I have been preparing to sending the kids back to school since May.
All four of my kids are going to new schools in the fall. Two are leaving a private Montessori school that has served them moderately well over the last two years. The other two were homeschooled last year.
In the fall, the triplets will start Senior Kindergarten at the local public school and my eldest will start at the congregated gifted program, which he is finally old enough for.
I am under no illusion that this will be an easy transition.
We are in a new catchment area, having moved since my eldest started homeschooling, so I am entering into the relationship with the local elementary school without all the baggage that we left at the old school.
However, we continue to live in an area where the School Board believes that the Provincial standards forbid acceleration of any kind, even within the gifted program. My two kids who have been homeschooling are both at least 3 years ahead in both mathematics and reading while also being unbelievably stubborn and unwilling or unable to work on things that do not challenge them intellectually. And, both of them act out frustrations in extremely dramatic ways.
Getting ready for school involves a lot of work with the kids on emotional control and following instructions. In addition, I have already been in conversation with new Special Education Resource Teachers and the School Board about how to work with these children.
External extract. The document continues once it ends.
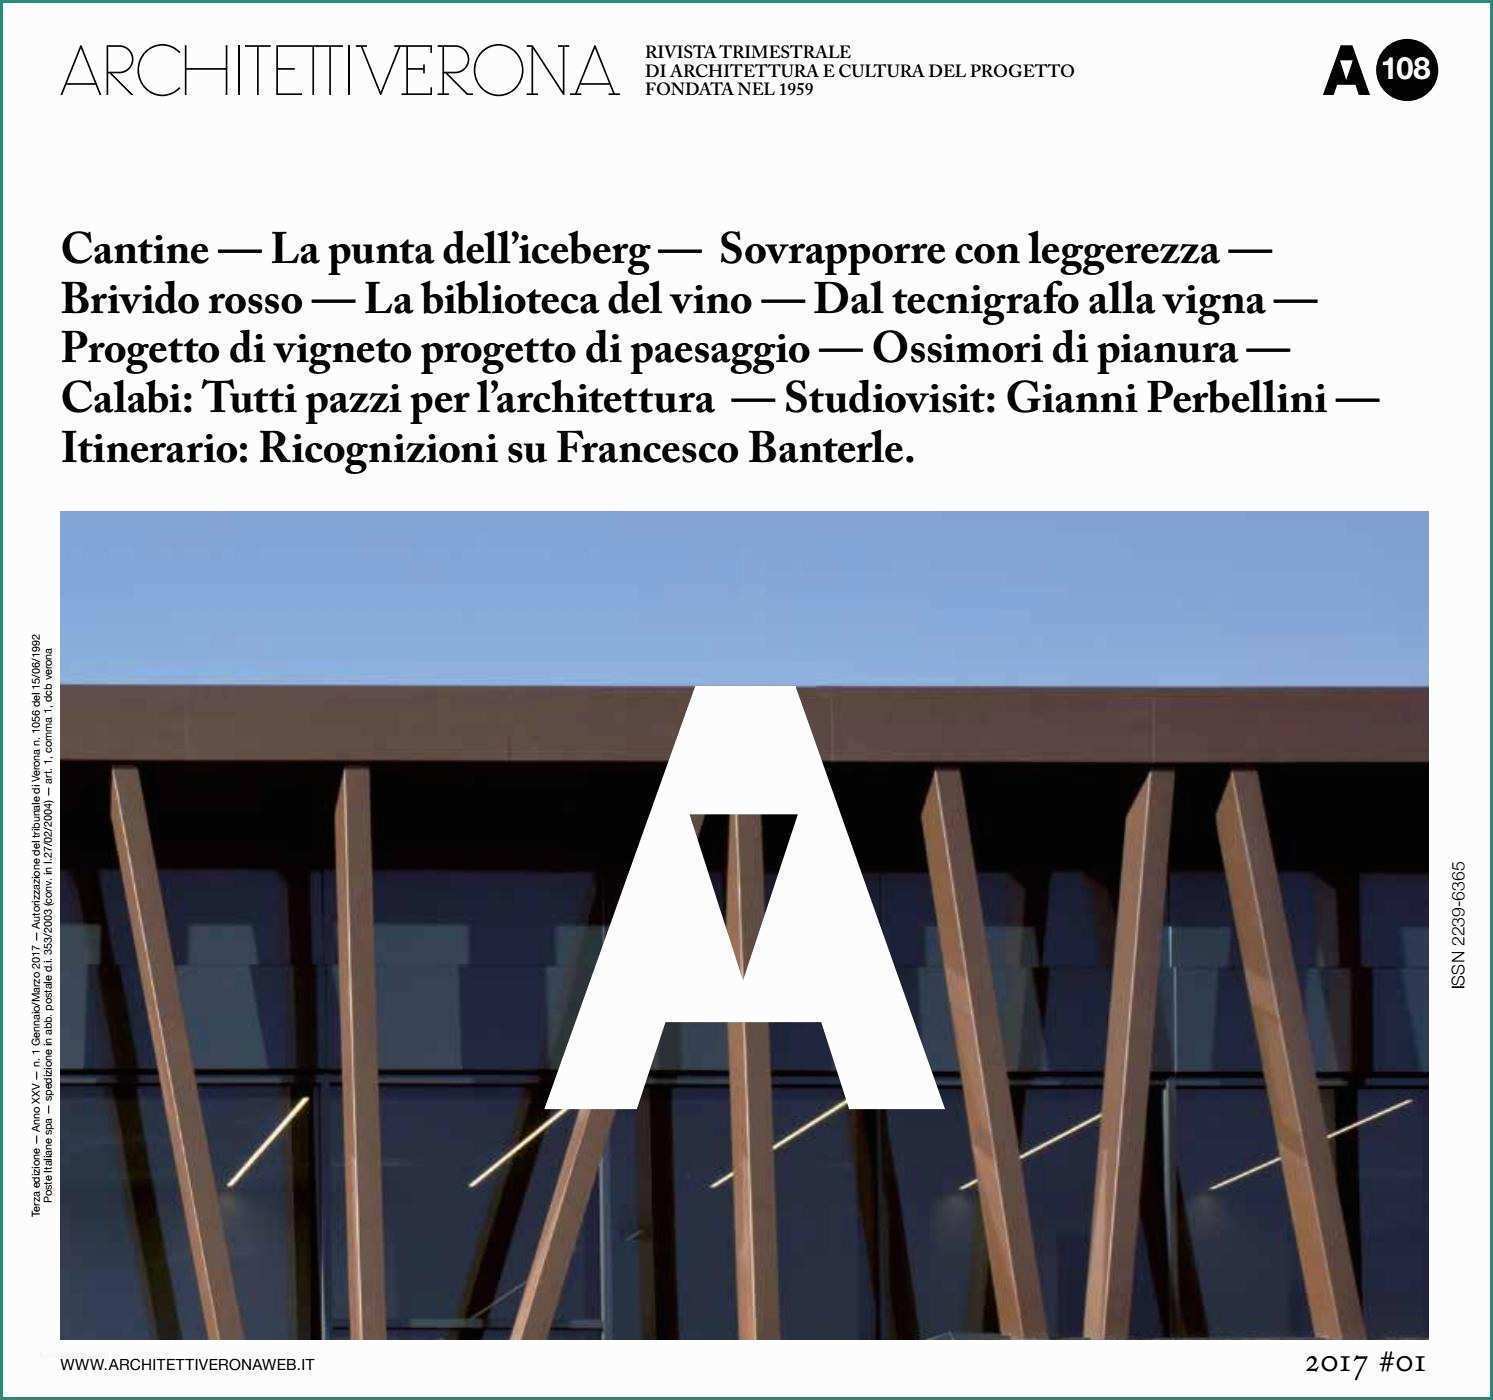 Carrello Saliscale Elettrico Noleggio E Architettiverona 108 by Architettiverona issuu

I will spend much of August writing letters to their new classroom teachers to help them get things off to a good start. Because, for both of these kids, if the first week doesn’t go well, the whole year will be hard to redeem.
The two kids who have been at the Montessori school have not demonstrated challenging behaviour in the classroom, and I am hopeful that they will adapt well to the new style. Because of the change in curriculum, our summer is including academic work in the new style to help them demonstrate what they know in a way that fits into the teacher’s expectations. 1/2 of the team is enthusiastic and 1/2 of the team is resisting doing any work. I am hoping that this resistance is not an indicator of how this kid will act with a non-Mom teacher. However, working with them in this new way, I have a hunch that this change in schools is going to reveal some of these kids’ asynchronies in ways that frustrate them.
Honestly, I am so worried about the academic fit for these kids that I haven’t given any thought to new schedules and routines. I expect I’ll start panicking about those elements in about two weeks.
In past years, it has taken me until Halloween to get into a groove with the rhythms of school. I have no reason to believe this year will be any different.